Jo is a lifelong resident of the Springs

Jo took over The Photo Truck from her dad

Jo did one failed GoFundMe for the truck

Jo loves her family

Jo is actually a guinea pig with 1.6 million followers on Gramsta

Oh, uh... AI malfunction. We’re working on that.

Guinea pig or not, Jo has delayed the one thing I anxiously await every year. My annual trip that takes me to the middle of the ocean to my favorite island, away from people and the holidays and all other things generally annoying. No, instead of sitting on the beach, soaking up the Maldivian sun rays with a Maldivian Sunrise, I am going to be stuck in Bumfuck, Michigan in the freezing cold trying to convince some You Betcha bitch that I, the number one tech CEO in the world, am better at building a business than she is. As long as I turn her shit ship around in the next couple of weeks, though, Max and I will be in the Maldives by Christmas.

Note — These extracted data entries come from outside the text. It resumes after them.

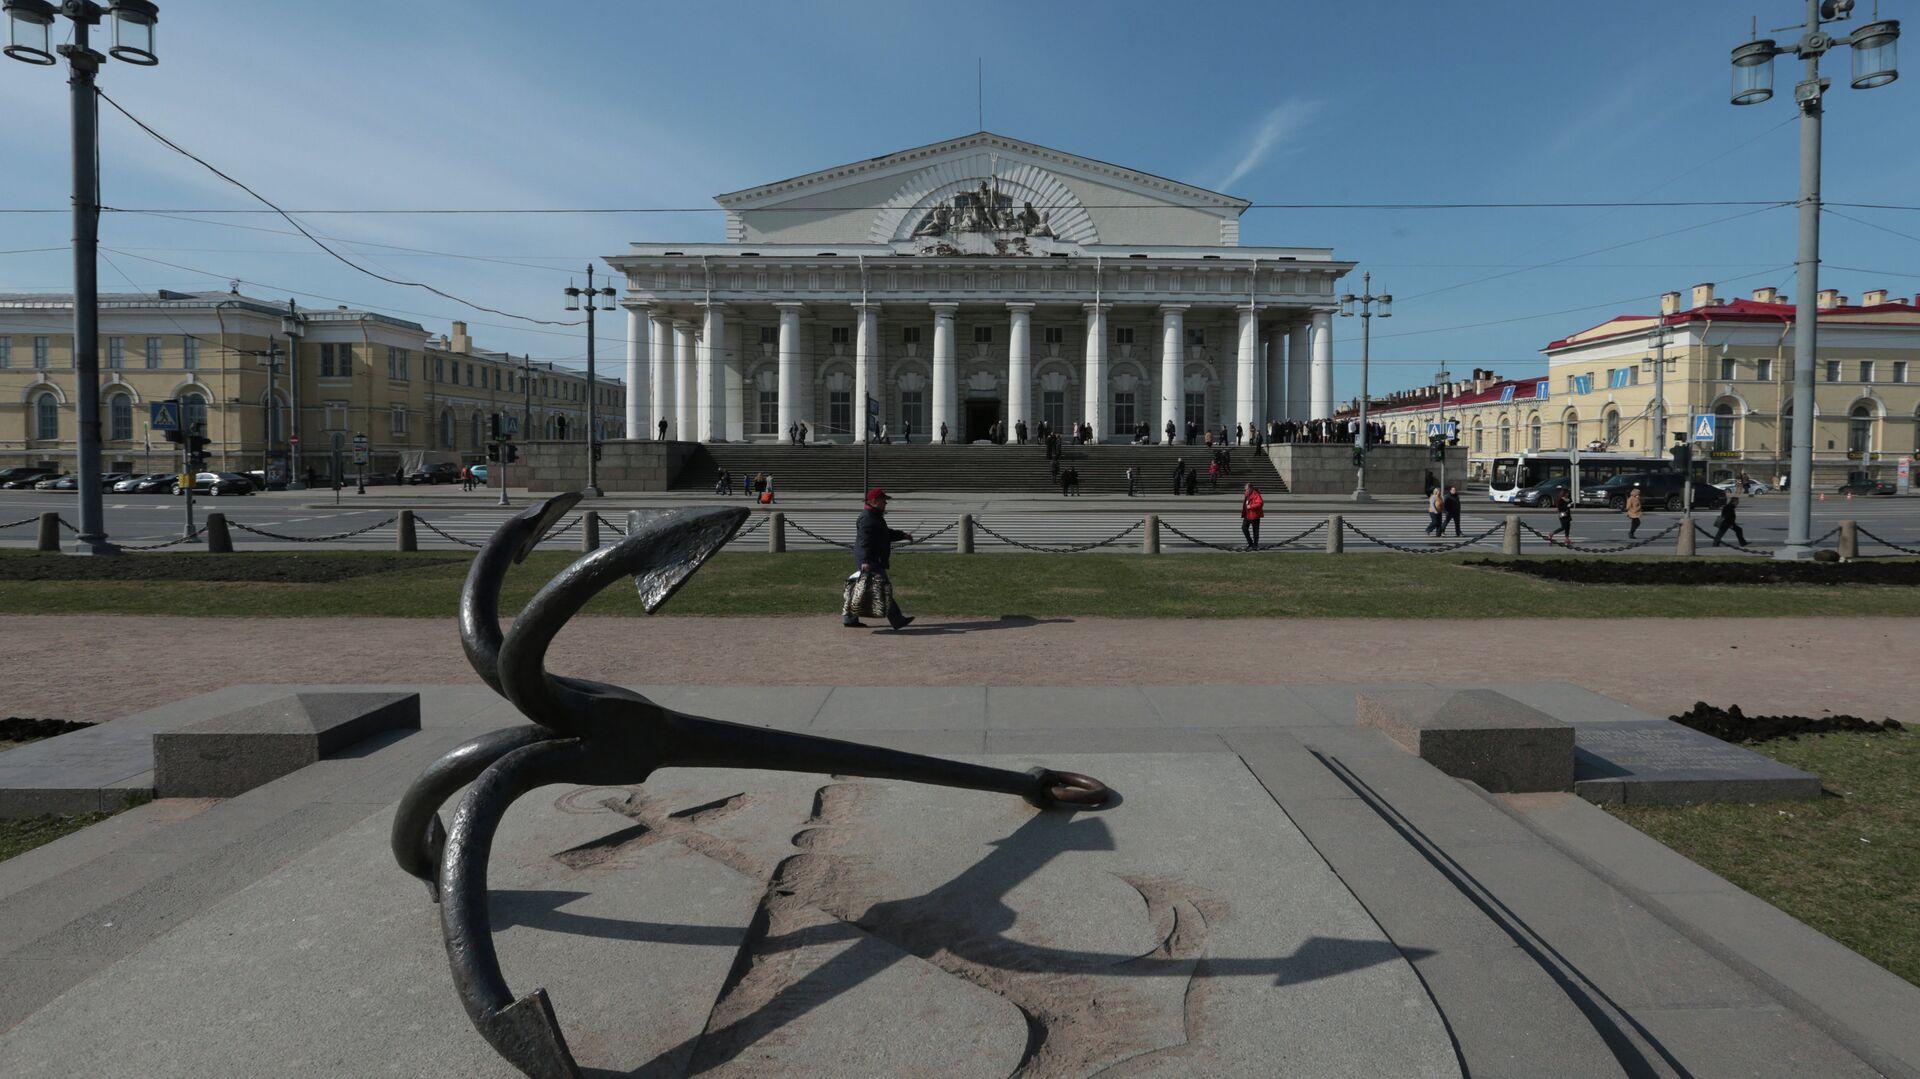 Церемония передачи здания Биржи Государственному Эрмитажу в Санкт-Петербурге - РИА Новости, 1920, 07.04.2021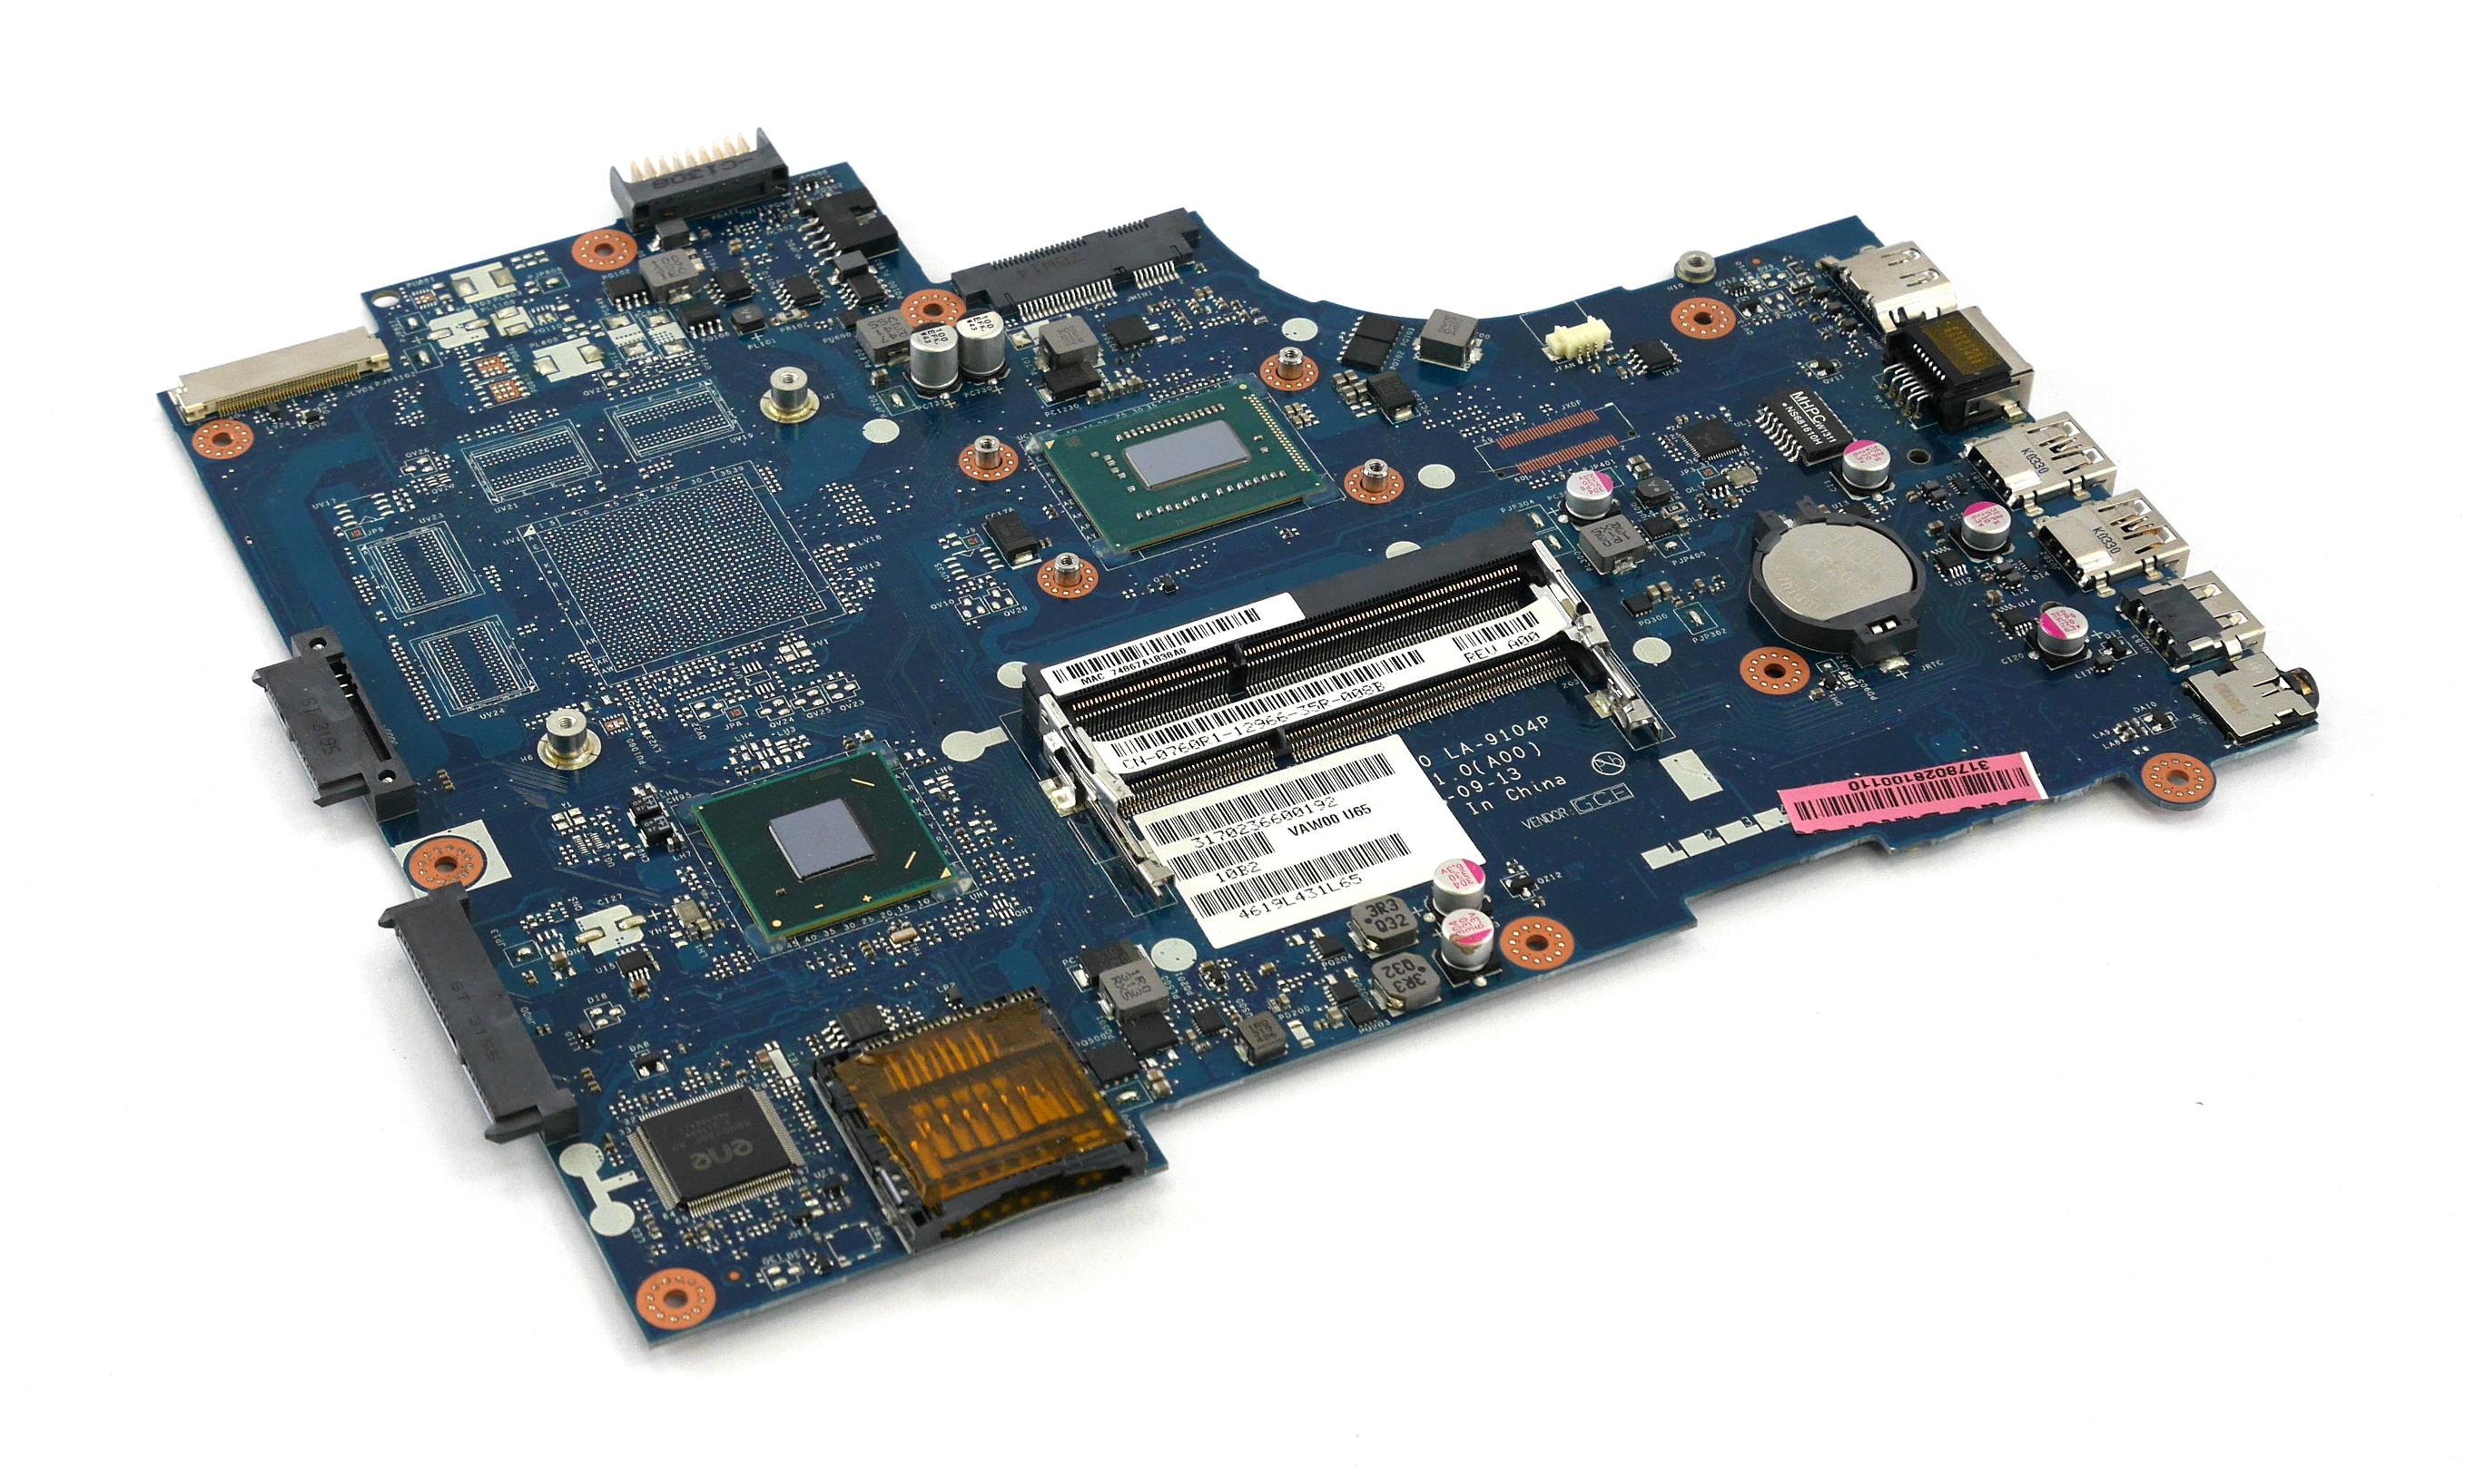 Dell 760R1 Inspiron 15R 5521 Motherboard with BGA Intel Core i5-3337U Processor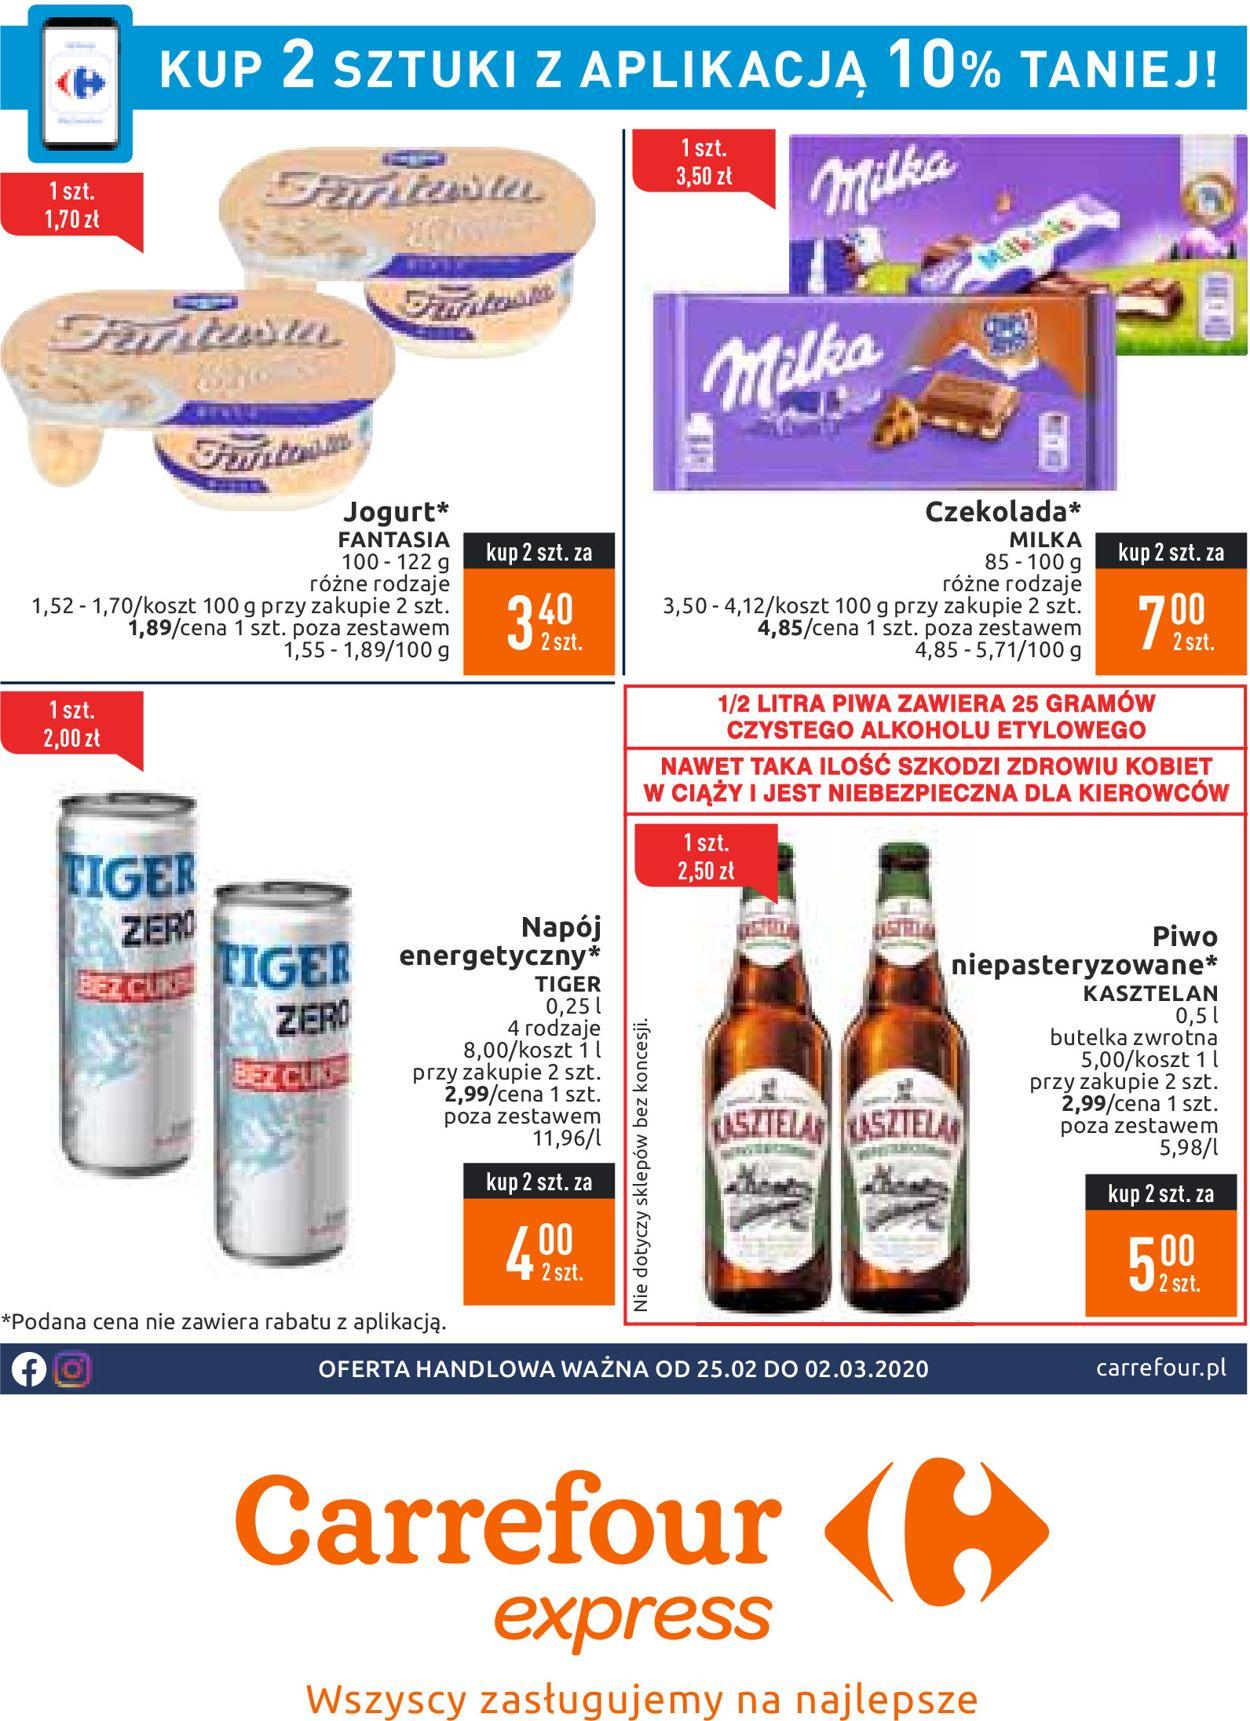 Gazetka promocyjna Carrefour - 25.02-02.03.2020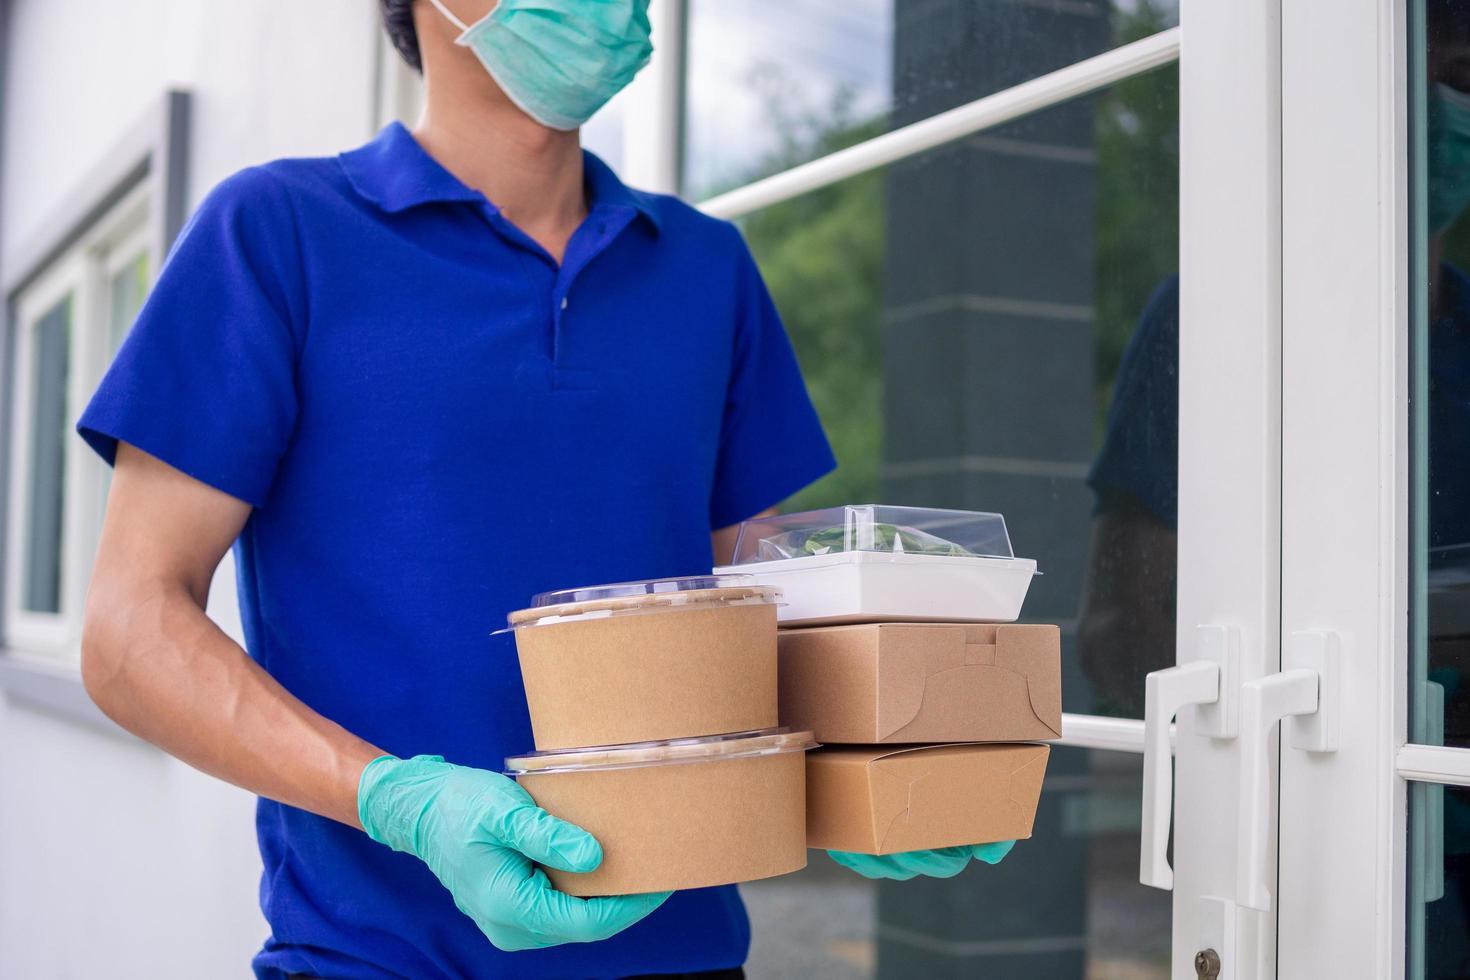 un addetto alla consegna di alimenti vestito con indumenti protettivi consegna il pranzo al cliente foto

Shouldn’t the top CEO on Earth have more control over their schedule, you might be asking. Of course he would. But those early contract negotiations with financiers hit me right in the naivete. I was the youngest woman ever to seek (and receive) the millions I was asking for the development of my empire. And make no mistake, I had a vision for Gramsta. I didn’t start it all because I was some snot-nosed Ivy brat trying to find hot chicks online.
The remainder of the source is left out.